Lange galt der eigene Firmenwagen und Parkplatz als ultimatives Statussymbol, während öffentliche Verkehrsmittel als Mobilitätsform zweiter Klasse für Azubis und Sparfüchse abgetan wurden. Dabei bietet der ÖPNV nicht nur eine ökologischere Alternative, sondern auch ökonomische Chancen für beide Parteien. Wird der Firmenstandort gezielt nach einer guten ÖPNV-Erreichbarkeit ausgewählt, steigt die Motivation für bisherige Autofahrer:innen, auf Bus und Bahn umzusteigen denn sie kosten nahezu immer weniger als das Auto in Anschaffung und Unterhalt. Und wer jetzt als Arbeitgeber noch ein bezuschusstes Firmenticket bietet, wird zur echten finanziellen Alternative.
Wer dennoch das Auto präferiert oder schlecht angebunden wohnt, wird sich spätestens mit der nächsten Neuanschaffung die Frage stellen, ob man weiter auf einen Verbrenner setzt oder ein E-Auto wählt. Auch hier können Unternehmen durch die Installation von E-Ladesäulen ihren potenziellen Mitarbeiter:innen eine echte Sorge nehmen. Denn bis heute wird das spärlich ausgebaute Ladenetz von vielen als Hauptgrund genannt, kein E-Auto zu kaufen. Acht Stunden Büropräsenz sollten zum Vollladen reichen, oder?
Das Thema Ernährung nimmt heute gar religiöse Züge an und führt nicht selten zu lebhaften Diskussionen. Neben persönlichen Geschmackspräferenzen spielen Fragen der Herkunft, der Produktionsbedingungen und des Tierschutzes eine immer größere Rolle. Nun sei an dieser Stelle festgehalten, dass einerseits jeder seine Ernährung selbst gestalten darf, es aber gleichzeitig nicht die Pflicht der Unternehmen ist, diesen privaten Bedürfnissen nachzukommen. Dennoch können sie mit kleinen Gesten zum Dialog und Wohlbefinden aller beitragen und so Bewerber:innen begeistern.

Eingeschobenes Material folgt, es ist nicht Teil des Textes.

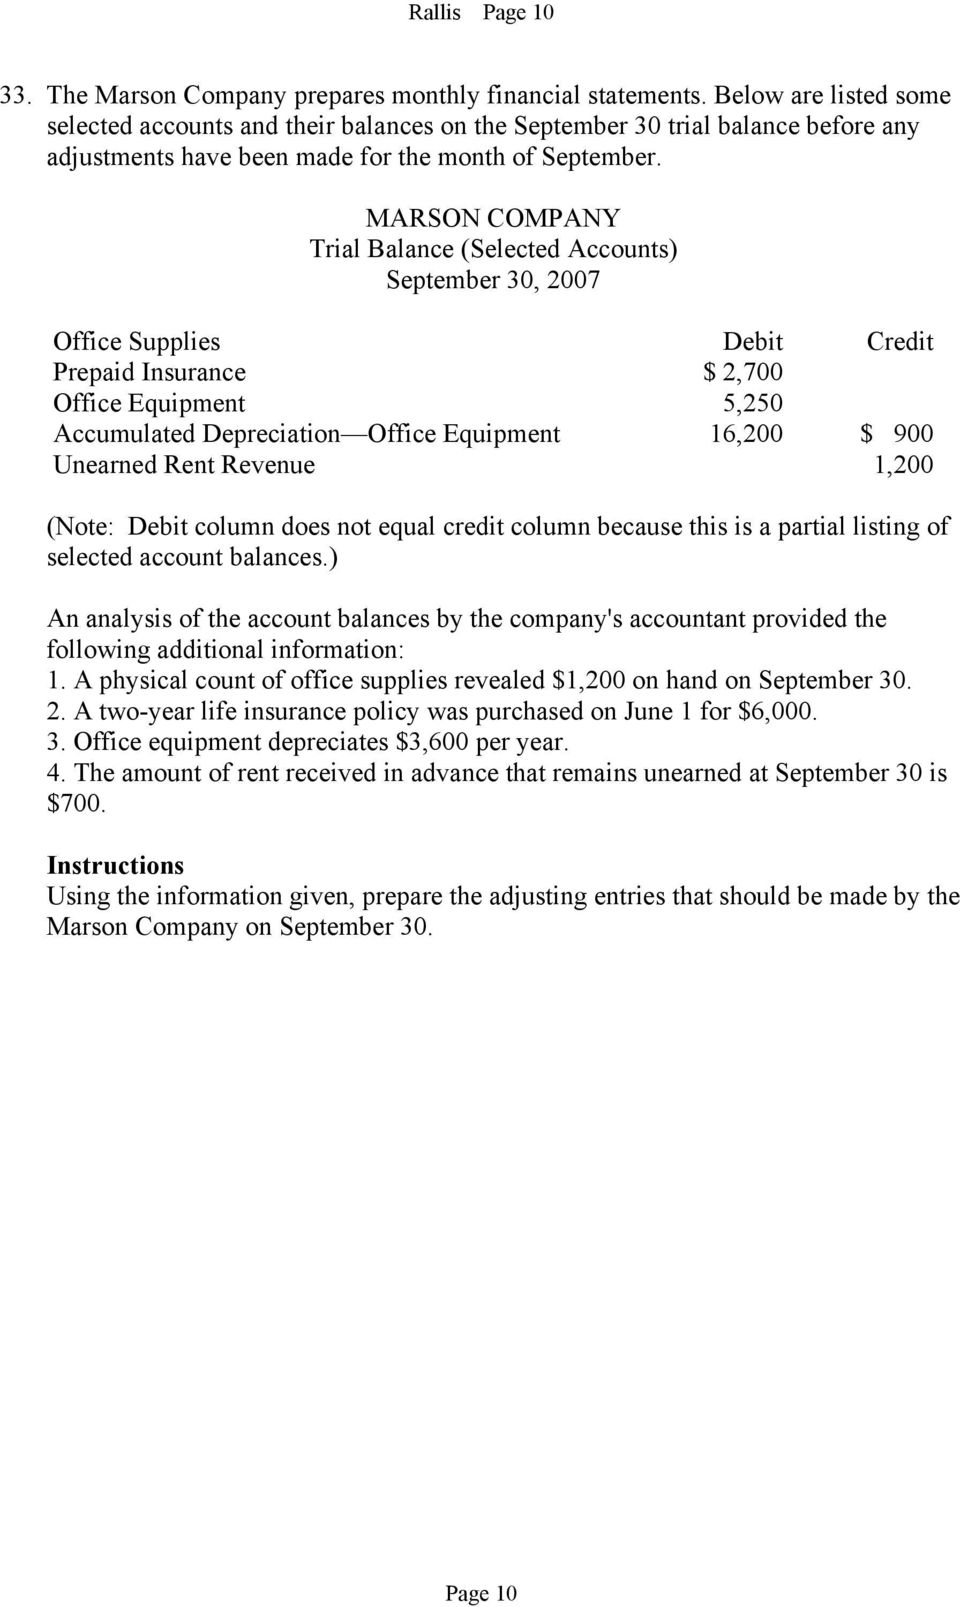 MARSON COMPANY Trial Balance (Selected Accounts) September 30, 2007 Office Supplies Debit Credit Prepaid Insurance $ 2,700 Office Equipment 5,250 Accumulated Depreciation Office Equipment 16,200 $

Und auch gespeist wird im beruflichen Kontext regelmäßig. Ob Mensa, Grillfest oder Weihnachtsfeier: Hungrige Kolleg:innen mit unterschiedlichsten Präferenzen warten überall. Wer hier auch vegane Alternativen bietet oder auf Bio-Produkte lokaler Herkunft setzt, kann Millennials und die Generation Z von sich überzeugen – mit einem Kaffee im Bewerbungsgespräch.
10,4 % der 15- bis 29-jährigen ernähren sich vegan.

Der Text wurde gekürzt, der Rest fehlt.